Joyful Health, New York, NY, United States


About Joyful Health
Building the financial operating system for healthcare — and bringing the joy back to healthcare by fixing the financial chaos behind it. The healthcare payment system is a complex and inefficient maze. Healthcare practices leave $125 billion in revenue uncollected each year, lost in the chaos of fragmented financial data, manual workflows, and opaque payer systems. This financial uncertainty leaves practices struggling to stay afloat while valuable revenue slips through the cracks.

Joyful Health is building an AI‑powered financial operating system for healthcare practices. Our mission is to bring the joy back to running a private practice by simplifying financial operations so providers can focus on patient care. We spent 10 months working as fractional CFOs for a dozen practices, doing this work side by side with providers as we developed our product.

We just closed a funding round led by world‑class investors and angels including the founders of MongoDB & KAYAK.

If you’re excited about combining real‑world RCM expertise with product innovation, we’d love to meet you.

The Role
The RCM Workflow Specialist sits at the intersection of revenue cycle operations and product intelligence. This is not a traditional billing role.

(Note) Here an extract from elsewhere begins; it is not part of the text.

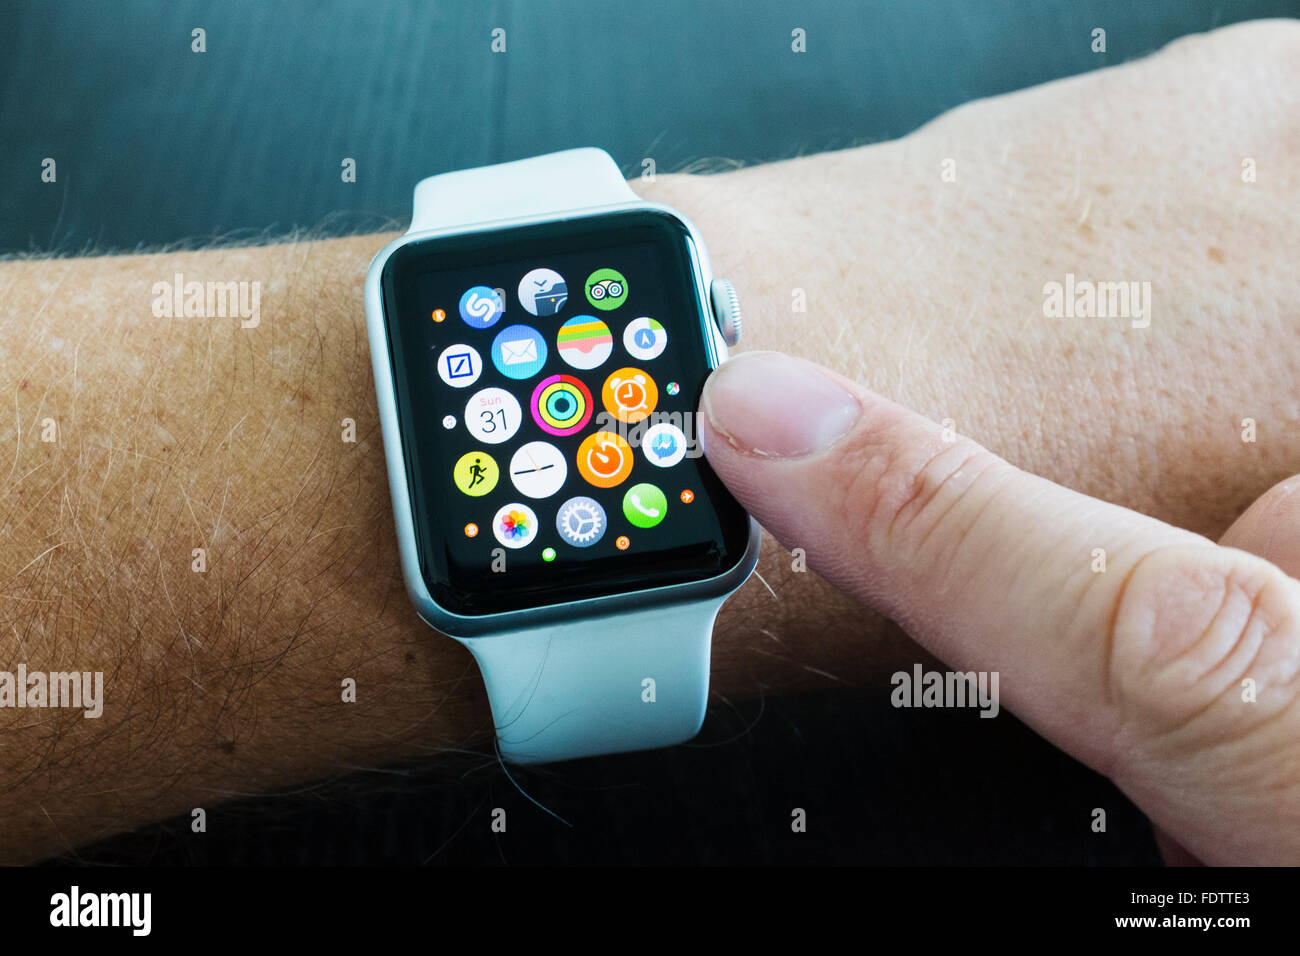 Dettaglio della schermata home con le icone delle app di Apple guarda con cinturino bianco Foto Stock

You are responsible for two things that most billing professionals have never been asked to do together: 1) work real claims at an expert level and 2) translate that expertise into the structured data and direct feedback that powers Joyful’s AI product. Every action you take — every agent decision you review, every denial you analyze, every correction you document — directly improves how our system understands and solves revenue cycle problems.

You are both:

An expert‑level RCM practitioner

A collaborator who shapes how our AI learns

This role is part of the RCM Center of Excellence (CoE) and partners directly with the Engineering and Product teams.

There are two distinct tracks of work in this role:

Track 1: Agent QA & Data Labeling
Structured, recurring. You review AI agent decisions on claims, label them correct or incorrect with rationale, and provide natural language corrections that feed directly into model training. The quality of your labels is what makes the model smarter. This requires genuine RCM expertise — many decisions are judgment calls, not rule lookups.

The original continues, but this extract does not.